Our escape was supposed to be pretty much immediate. We thought we’d row to Uruguay, but in the end we stayed on the island for three months. I was always with Cleo and Cleo was always with the Virgin, that chunk of cement that occupies the centre of the living room still today, even if we are able to buy art after the success of our cumbia opera. The centre of our living room is an altar. I don’t believe in the Holy Trinity or in the virgin wife, mother, sister and daughter, but I live with Cleopatra, my wife, the mother of my daughter. I love her and so I’ve come to terms with this trinity. We started out in March and we didn’t end up leaving until the end of June. All this was almost two years after that first day Daniel and I had happily set off down the road to the slum.
We had no idea that that road was like the passageway to another dimension, the most important channel-change of our lives. Or at least of mine; I don’t know if Daniel was able to change his. I don’t think so. We’d stopped for coffee on the road... it must have been early November. I clearly remember the crowd of little slum children with white flowers spilling from their hands. They would throw themselves against the windshields shouting ‘Jasmines! Jasmines! Don’t you want some flowers, doll? Buy your girl a bouquet, boss, it’s just some spare change.’ I wanted some and Daniel liked the smell so the kid left with the change and his body in one piece. He was lucky, it’s easy to get hit in these zealous sales attempts. Every once in a while the tarmac gets splattered with their guts and the cars don’t stop and the kids end up flattened, like the dogs on the same roads.
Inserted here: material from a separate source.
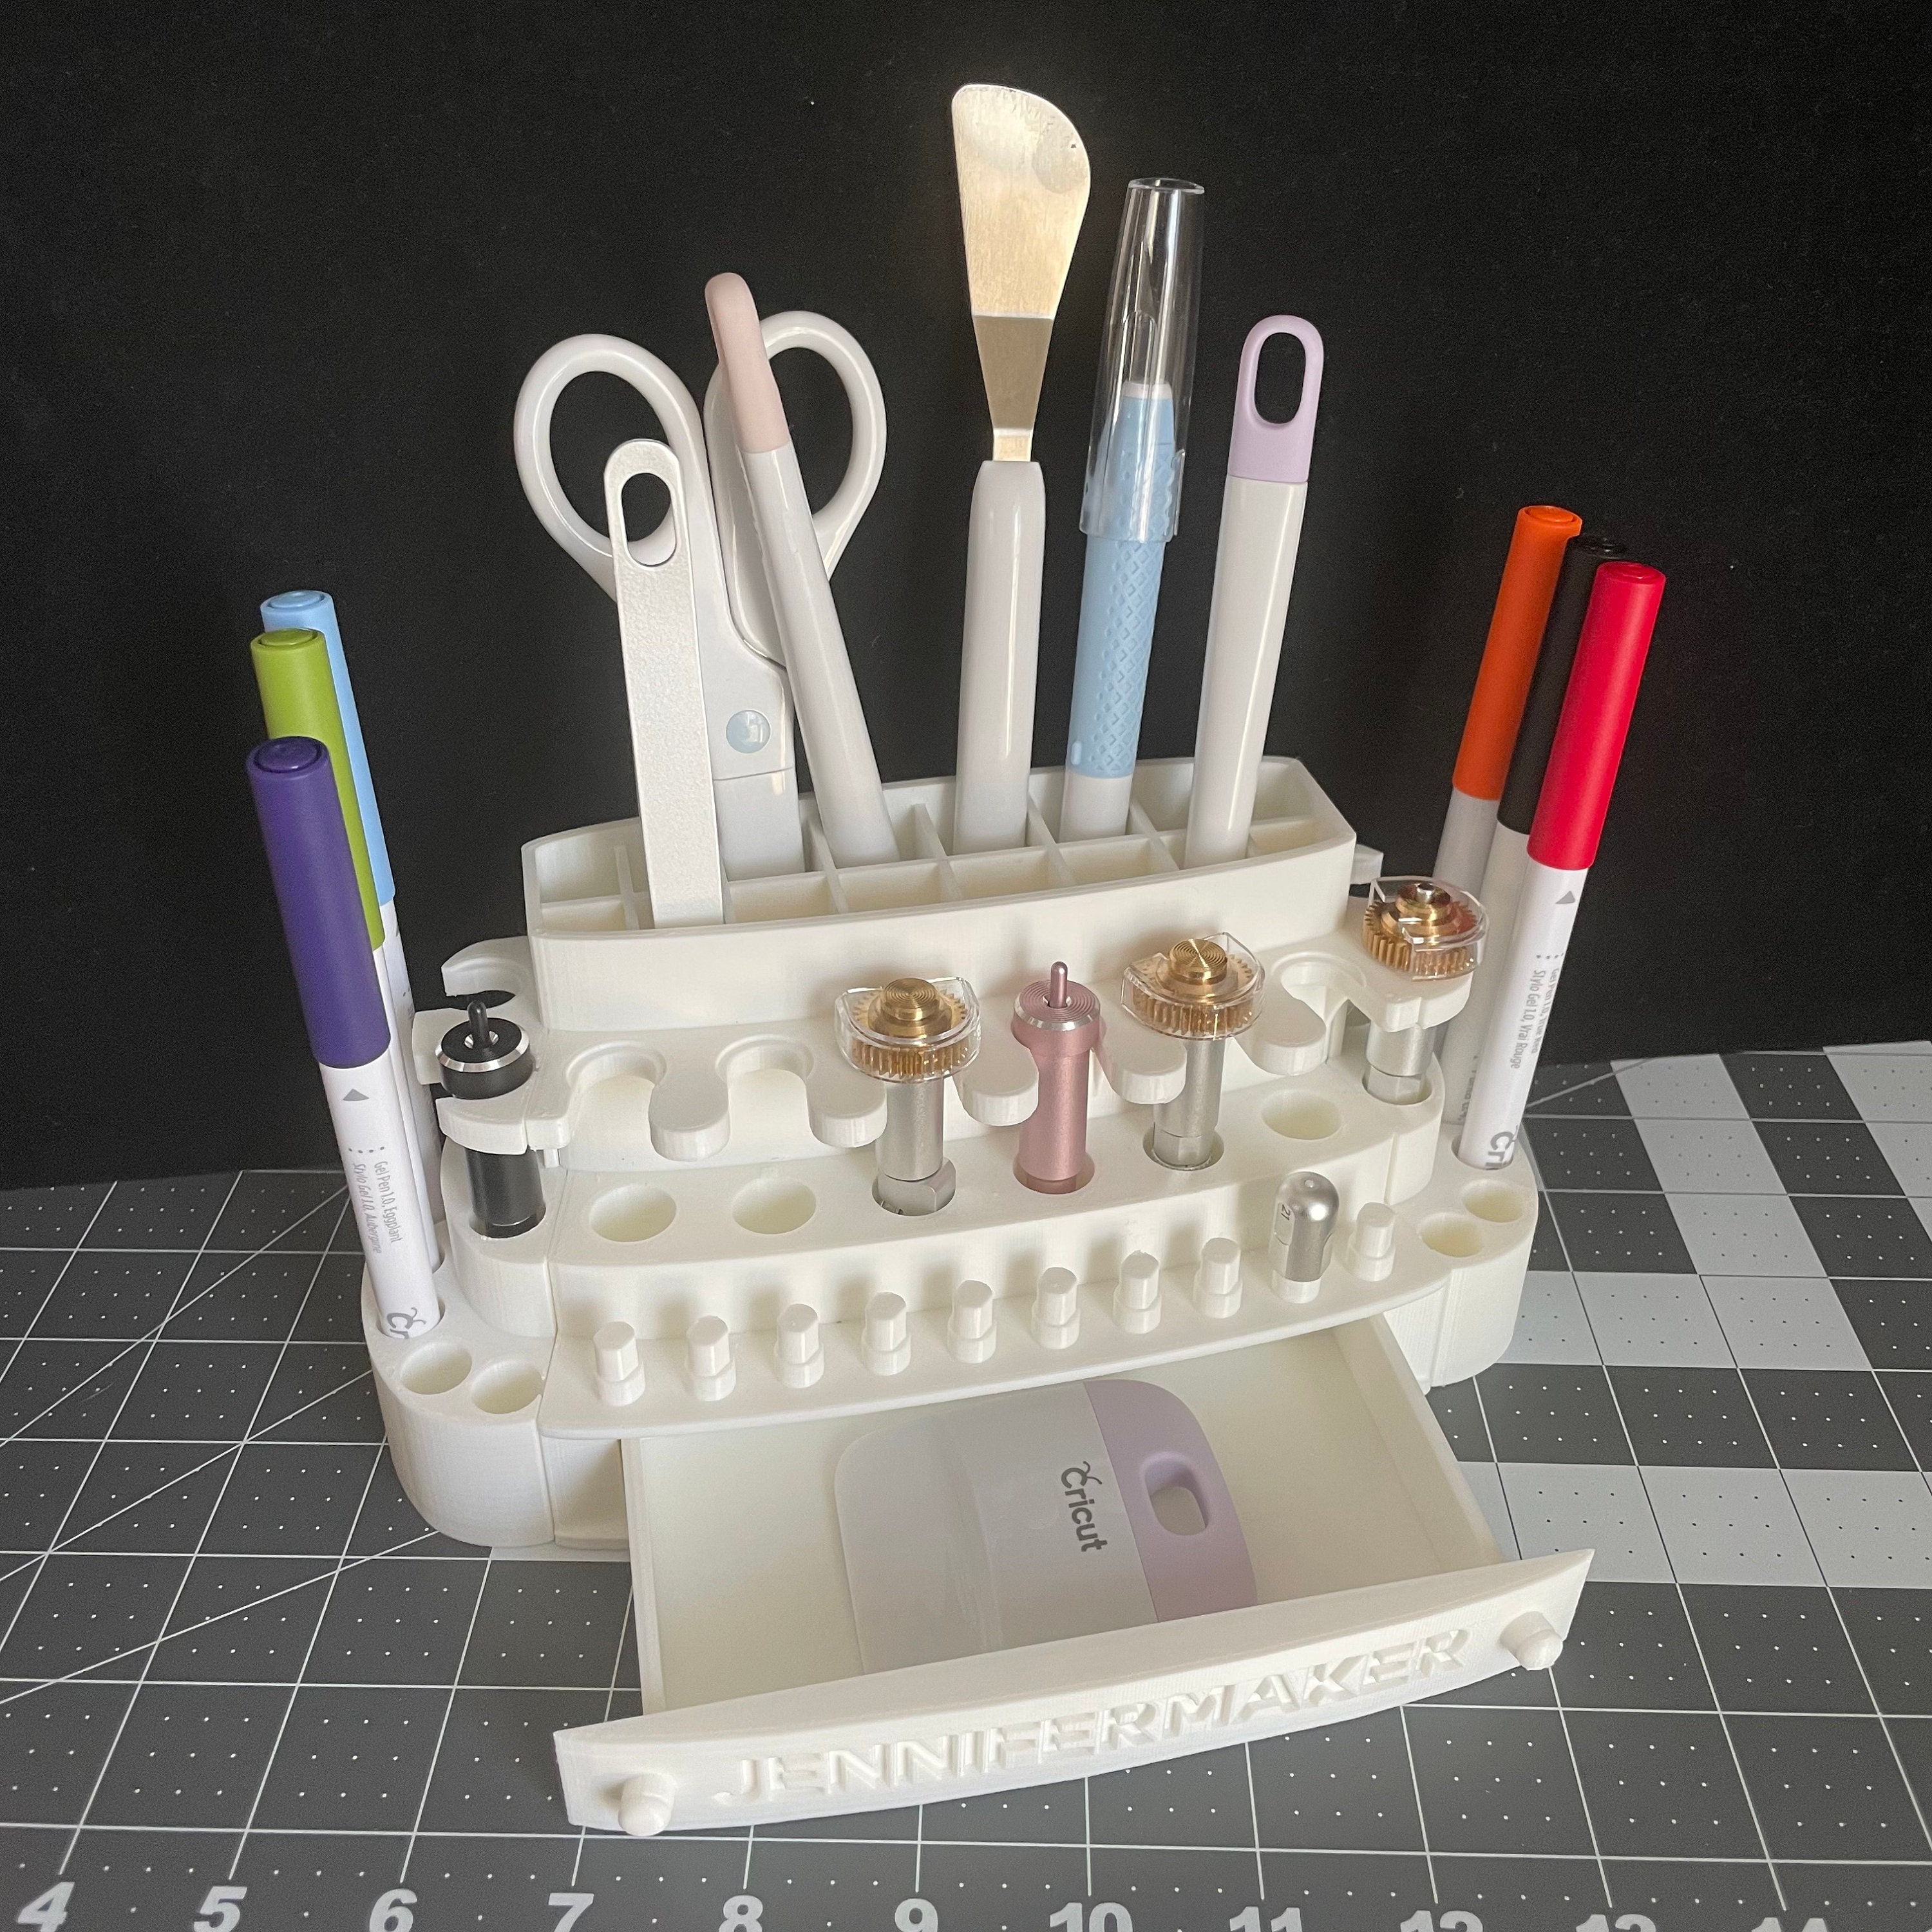 Tool Holder for Cricut Tool and Blades Designed by Jennifer Maker

It was early November when we first visited the slum, Daniel and I, together but united by what? What were the bonds that held us together? They were strong bonds and they endured, from the moment we met until his death. Was it something to do with that infantile faith he had in his Kirlian photos? For the record, my aura is blue and ‘blue is the colour of noble souls’, as Daniel affirmed with unshakeable certainty. It was the kind of faith an engineer has in his equipment. Daniel needed the electronic sophistication of his Kirlian camera’s lens in order to believe something else existed, to believe in goodness, and in a limitless colour, the colour blue. There was good in me, according to Daniel. And isn’t that kind of certainty enough of a bond?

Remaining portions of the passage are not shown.